- Church: Episcopal Church
- Diocese: Central Florida
- In office: 1969–1970
- Successor: William H. Folwell
- Previous posts: Suffragan Bishop of South Florida (1945-1948) Coadjutor Bishop of South Florida (1948-1951) Bishop of South Florida (1951-1969)

Orders
- Ordination: June 23, 1929 by John Durham Wing
- Consecration: May 23, 1945 by John Durham Wing

Personal details
- Born: January 1, 1903 Buffalo, New York, United States
- Died: July 24, 1984 (aged 81) Orlando, Florida, United States
- Denomination: Anglican
- Parents: William Henry Louttit, Susan Bruman
- Spouse: Amy Moss Cleckler
- Children: 2
- Alma mater: Hobart College

= Henry I. Louttit Sr. =

Bishop of South Florida and later Central Florida

Henry Irving Louttit Sr. (January 1, 1903 – July 24, 1984) was bishop of South Florida and Central Florida in The Episcopal Church. His son, Henry I. Louttit, Jr., was also a bishop.

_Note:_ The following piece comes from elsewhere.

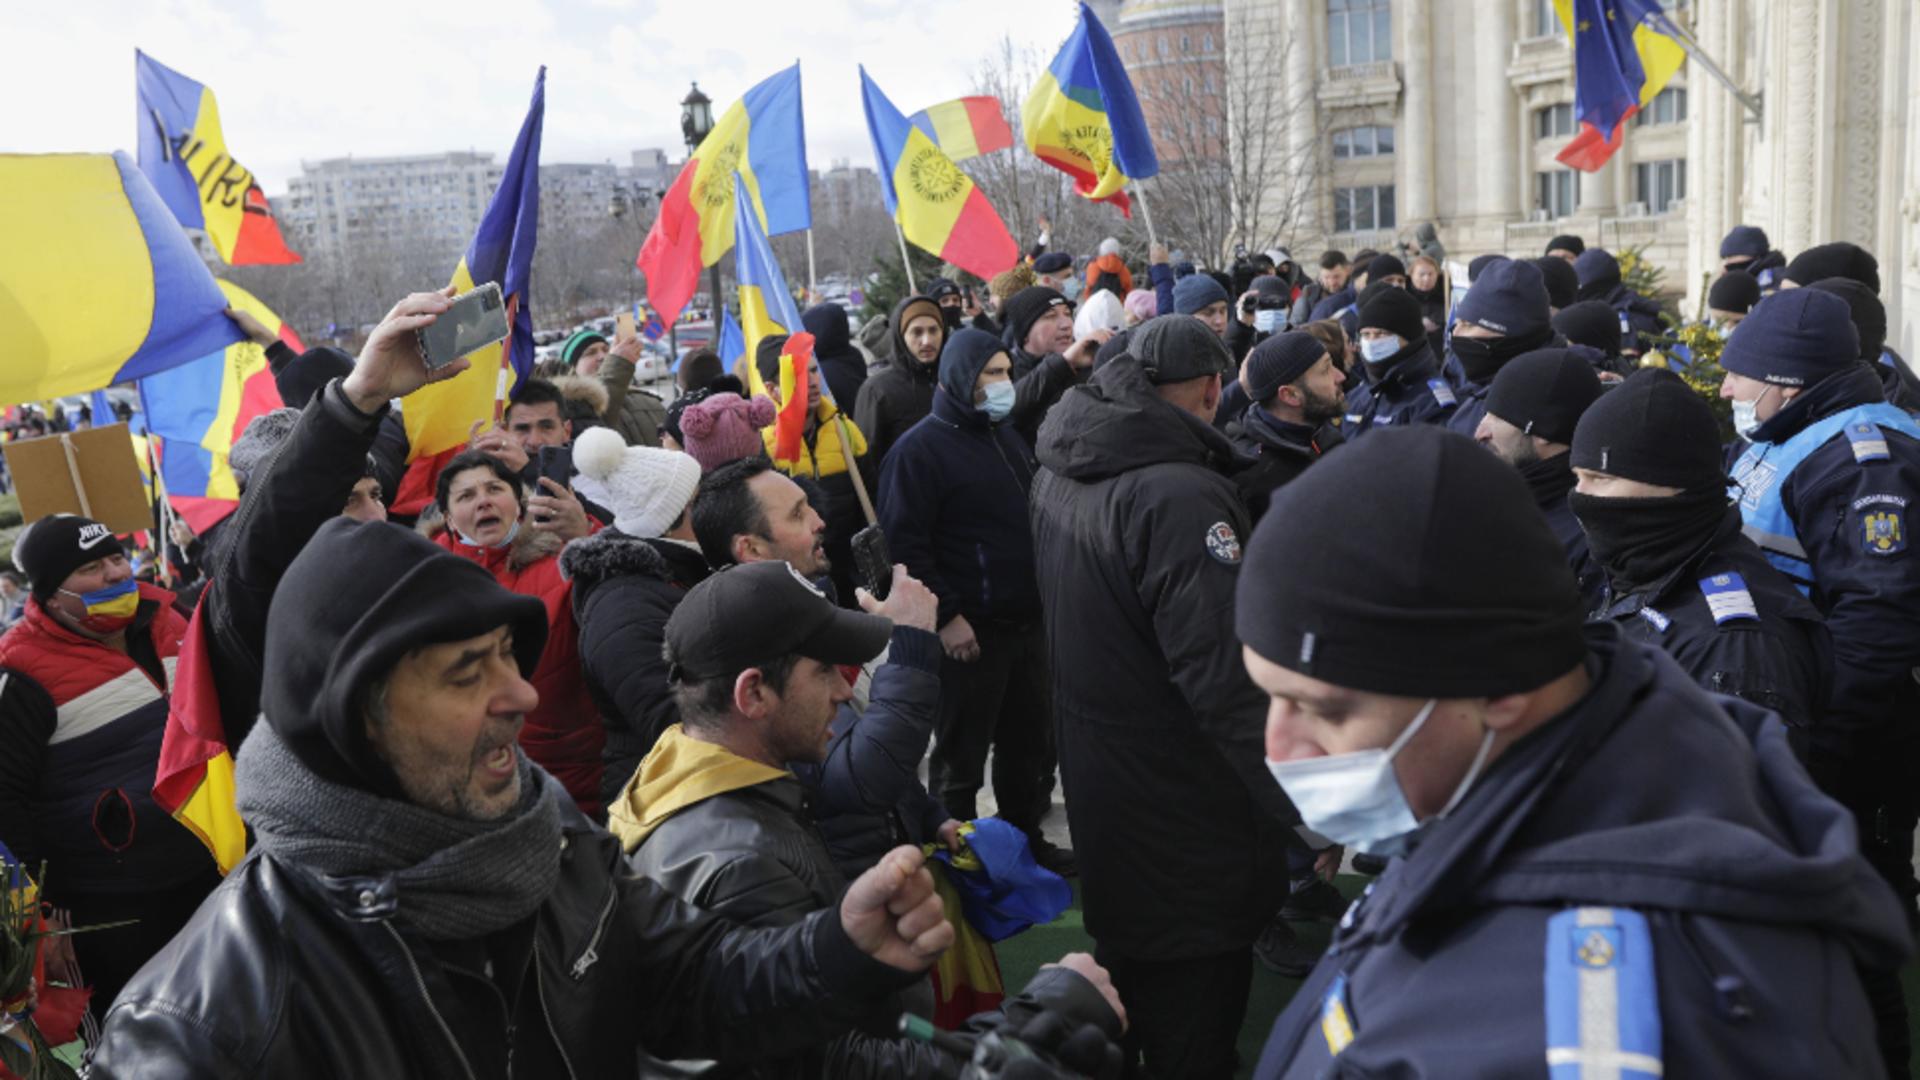 Több mint 170 ezer lejes büntetés a bukaresti tüntetőknek

==Early life and education==
Louttit was born on January 1, 1903, in Buffalo, New York, the son of William Henry Louttit and Susan Bruman. He studied at Hobart College in Geneva, New York, where he graduated with a Bachelor of Arts degree in 1925. He then entered Virginia Theological Seminary and graduated with a Bachelor of Divinity in 1929. He married Amy Cleckler on June 22, 1936, and together they had two sons. He was awarded honorary Doctor of Divinity degrees from both the Virginia Seminary and Hobart.

==Ordained ministry==
Louttit was ordained deacon on July 15, 1928, and priest on June 23, 1929. He became rector of All Saints' Church in Tarpon Springs, Florida. He then moved to his home parish, Trinity Church in Miami to serve as a curate. From 1930 to 1933, he was rector of Holy Cross Church in Sanford, Florida. In 1933 he became the rector of Holy Trinity Church in West Palm Beach, Florida. During World War II, he enrolled as a chaplain in the US Army with the 31st Infantry Division in the Dutch East Indies.

==Episcopacy==
On February 7, 1945, Louttit was elected on the second ballot as Suffragan Bishop of South Florida during a special diocesan meeting that took place in St Luke's Cathedral, Orlando, Florida. He was then consecrated on May 23, 1945, by the Bishop of South Florida John Durham Wing in Holy Trinity Church. On April 14, 1948, he was elected Coadjutor Bishop of South Florida and succeeded as diocesan on January 1, 1951. During his episcopate, the large Diocese of South Florida was divided in three in 1969. With his retirement on December 31, 1969, the Diocese of South Florida ceased to exist and he became the first Bishop of Central Florida. He served in that post till 1970, when a new bishop was elected.

Louttit was also one of twelve bishops who formed a "Committee of Bishops to Defend the Faith" and charged the Bishop of California, James Pike, with several heresies.